— Мама!
И заплакала, неизвестно отчего. В это время как раз подъезжал на четверке Ханов, и она, видя его, вообразила счастье, какого никогда не было, и улыбалась, кивала ему головой, как равная и близкая, и казалось ей, что и на небе, и всюду в окнах, и на деревьях светится ее счастье, ее торжество. Да, никогда не умирали ее отец и мать, никогда она не была учительницей, то был длинный, тяжелый, странный сон, а теперь она проснулась…
— Васильевна, садись!
И вдруг все исчезло. Шлагбаум медленно поднимался. Марья Васильевна, дрожа, коченея от холода, села в телегу. Четверка переехала линию, за ней Семен. Сторож на переезде снял шапку.
— А вот и Вязовье. Приехали.
Шлагбаум опущен (приближается поезд).

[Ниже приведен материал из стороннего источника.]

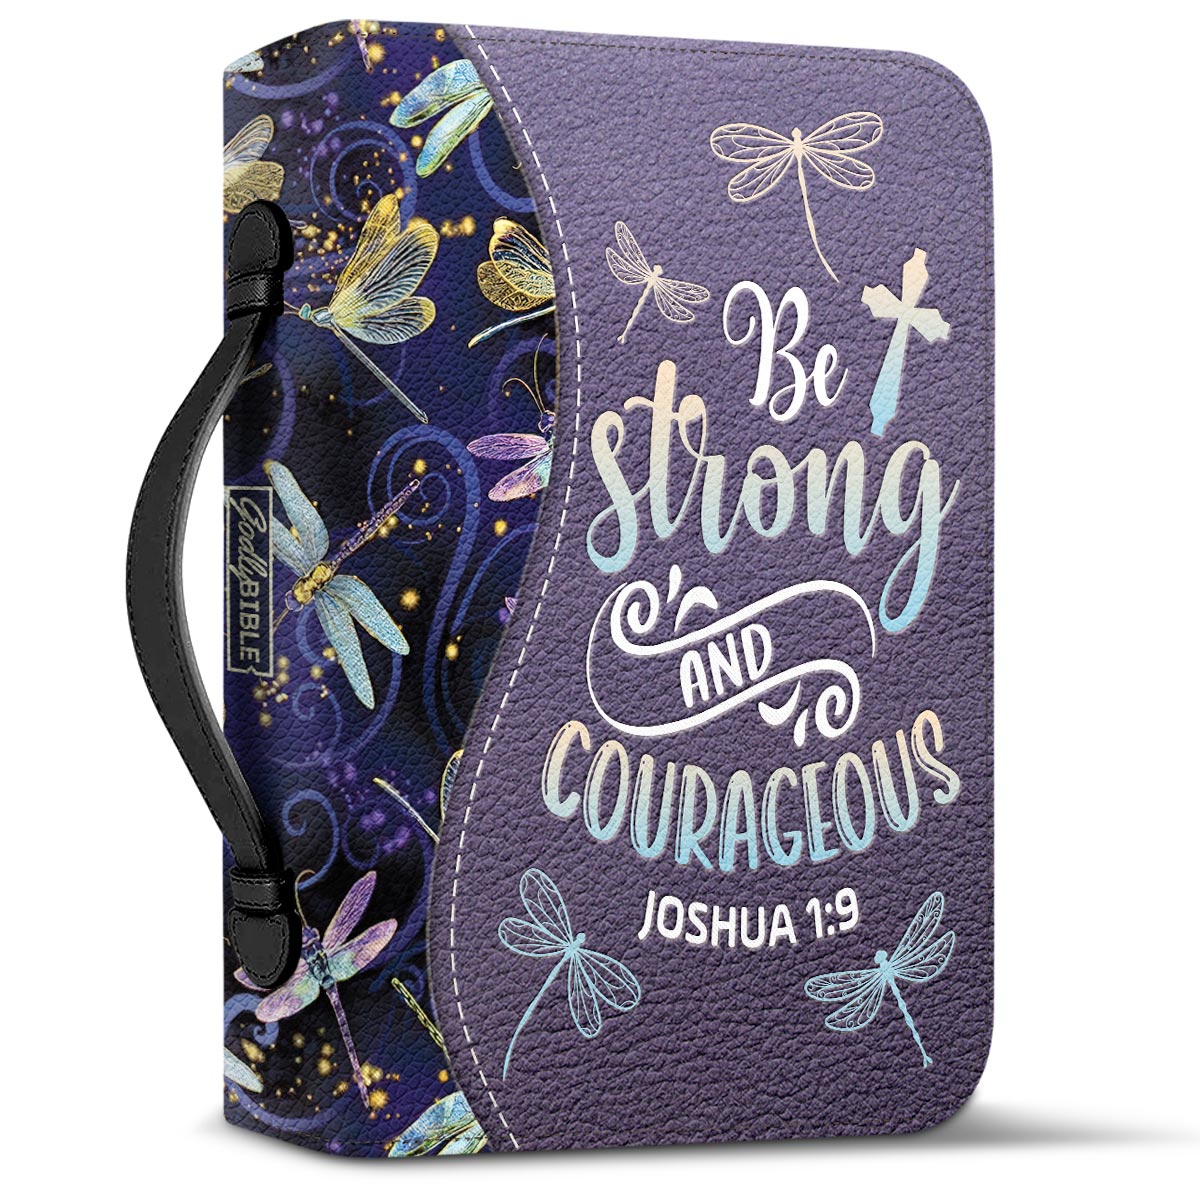  Personalized Bible Cover - Joshua 1 9 Be Strong And Courageous Dragonfly Bible Cover for Christians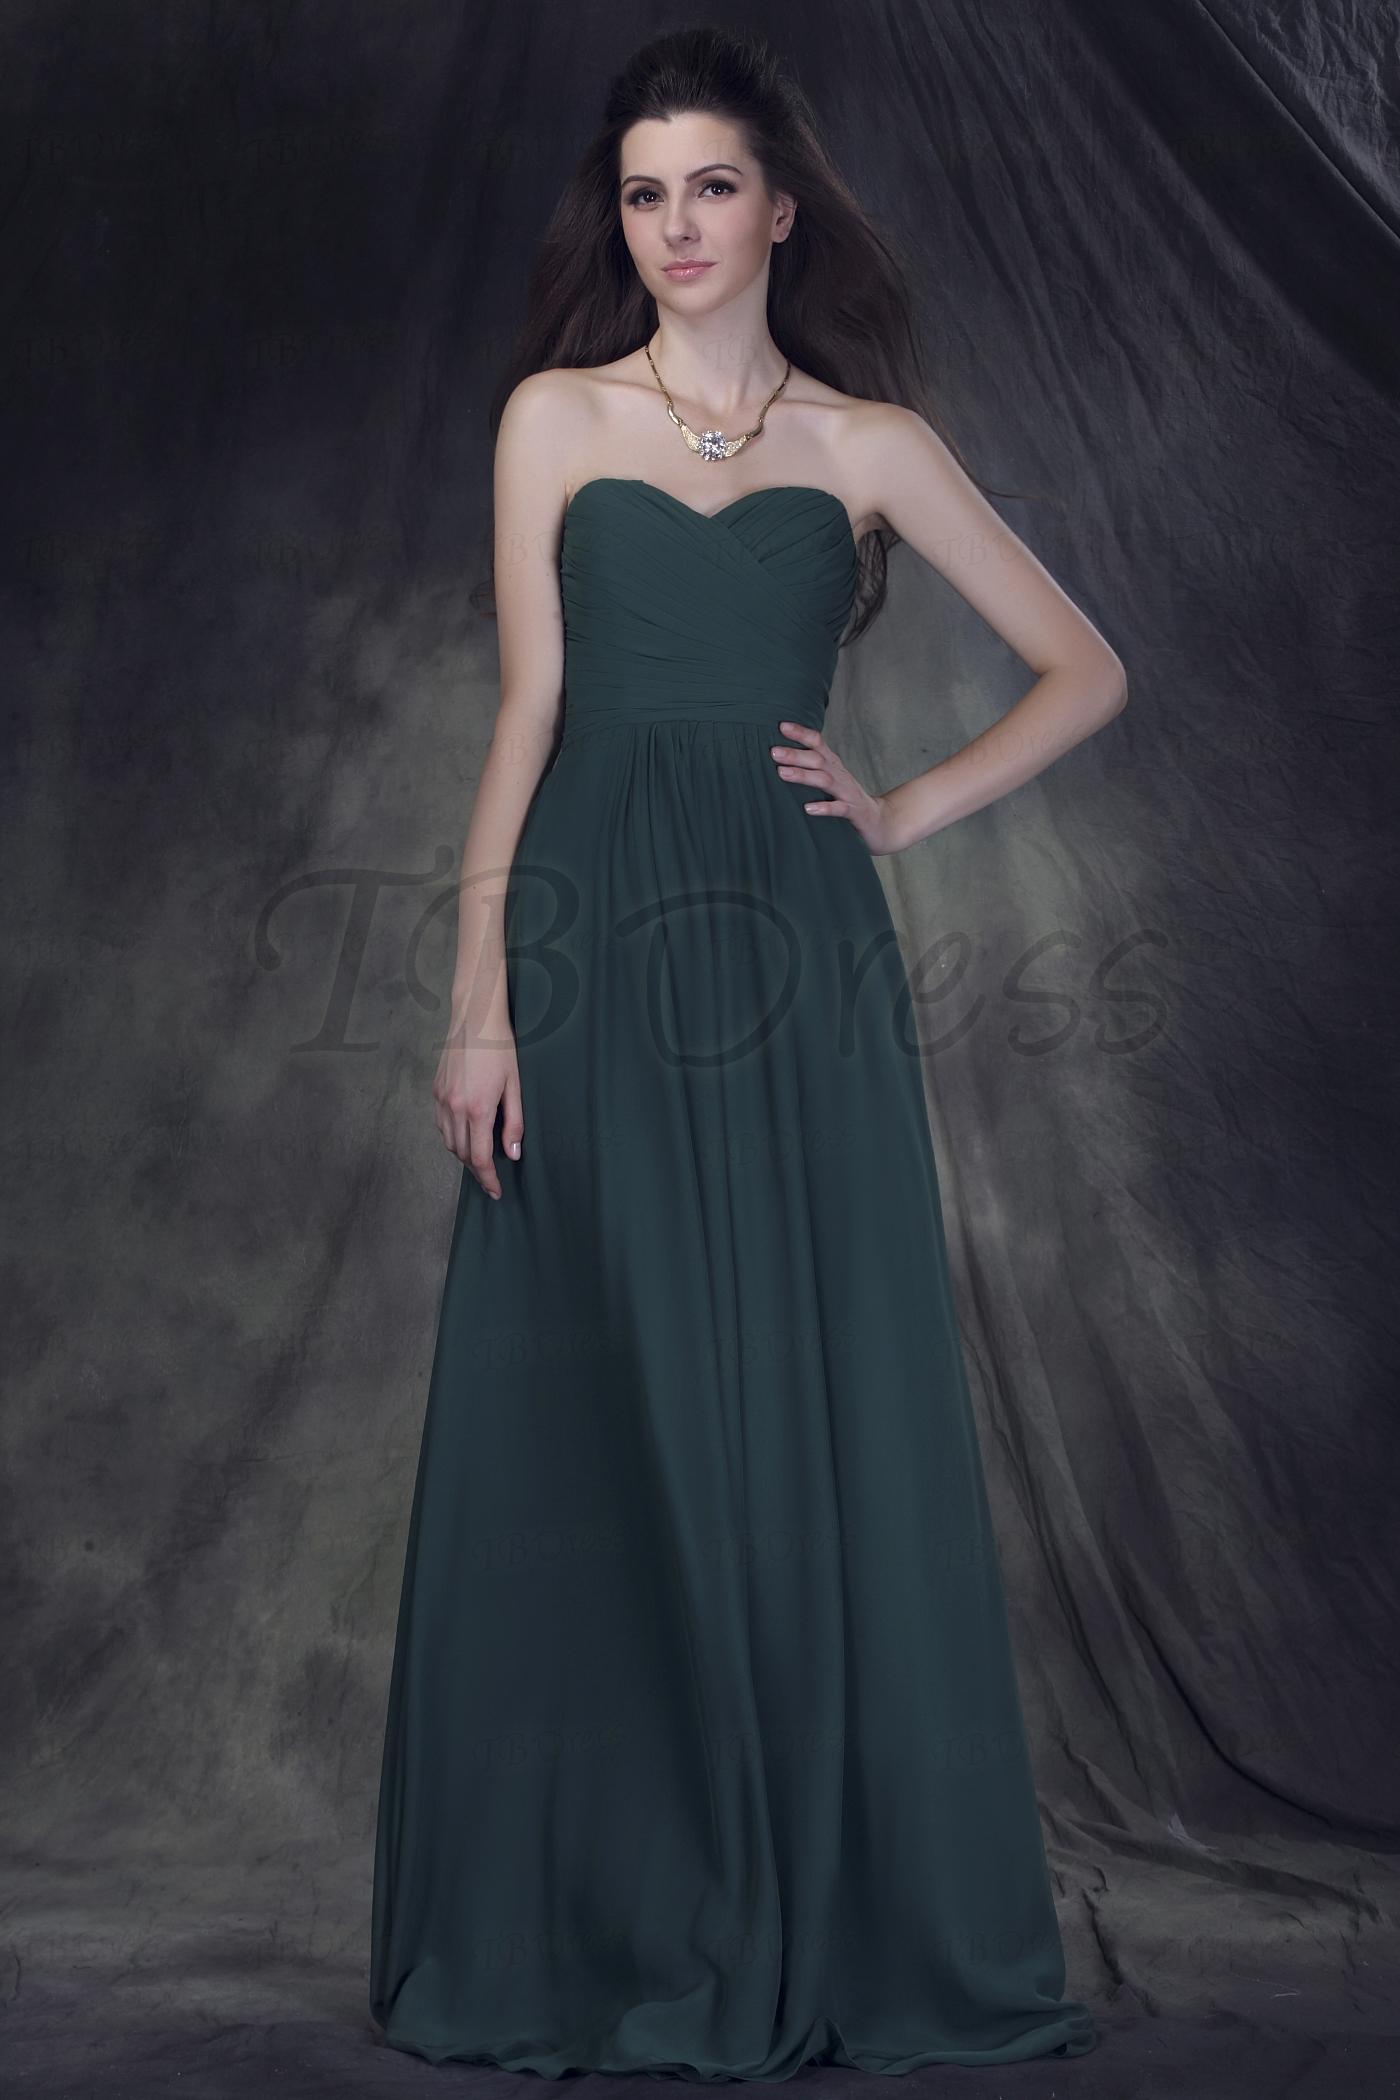 Exquisite Ruched A-Line Sweetheart Long Bridesmaid Dress

За путями им видна родная деревня Вязовье. Чехов описывает отдельные здания, в том числе и место рабства Марьи Васильевны, «школу с зеленой крышей», в особое время дня — на закате. Какова связь заходящего солнца с постройками? Они отражают солнце. Какие их части, если конкретнее? Кресты и окна станции. (Заметьте разницу между этим описанием и таким: «Селенье лежало перед ним, похожее на всякую другую русскую деревеньку».)
А вот и поезд. Чехов помнит, что он только что сообщил нам о солнце — оно заходит и все озаряет. Итак, окна в поезде тоже горят. Результат: Марья Васильевна не может смотреть на них впрямую. Она смотрит на площадку вагона первого класса. И видит… свою мать. (Отметим тугую связку причин и следствий, одно влечет за собой другое.) И тут же Чехов оговаривает (поправляет Марью Васильевну) ошибку восприятия: «Какое сходство!» Есть ли у нее основания принять эту женщину за свою мать? Да. Чехов предлагает нам эти основания, добавляя подробностей. Каковы сходства? Волосы, лоб, наклон головы.
Этот образ порождает волну воспоминаний: «в первый раз за все эти тринадцать лет» она живо представляет себе свои ранние годы в Москве.
Сравните этот абзац с тем, где она вспоминает свое детство (первый на стр. 2). В том описании не было аквариума с рыбками, не было рояля, пения, ощущения благополучия. Когда перед этим (всего несколькими часами ранее) Марья Васильевна думала о своем детстве, на ум ей пришло «что-то смутное и расплывчатое, точно сон». А теперь возникло множество подробностей. Уточнена та смутная версия ее детства. Когда-то она была кем-то другим, кем-то, у кого есть дом, кого любят, «молодой, красивой, нарядной, в светлой, теплой комнате, в кругу родных», человеком в безопасности, о ком заботятся.
Ее охватывает «чувство радости и счастья».
«Мама!» — зовет она и плачет, «неизвестно отчего».
Если мы ждали окончания ее несчастья, вот оно. Облегчение возникло в виде воспоминания. Марья Васильевна вспоминает, кем была когда-то. Она и есть та, какой была когда-то.
Задержится ли это переживание счастья? (Изменит ли оно Марью Васильевну бесповоротно?)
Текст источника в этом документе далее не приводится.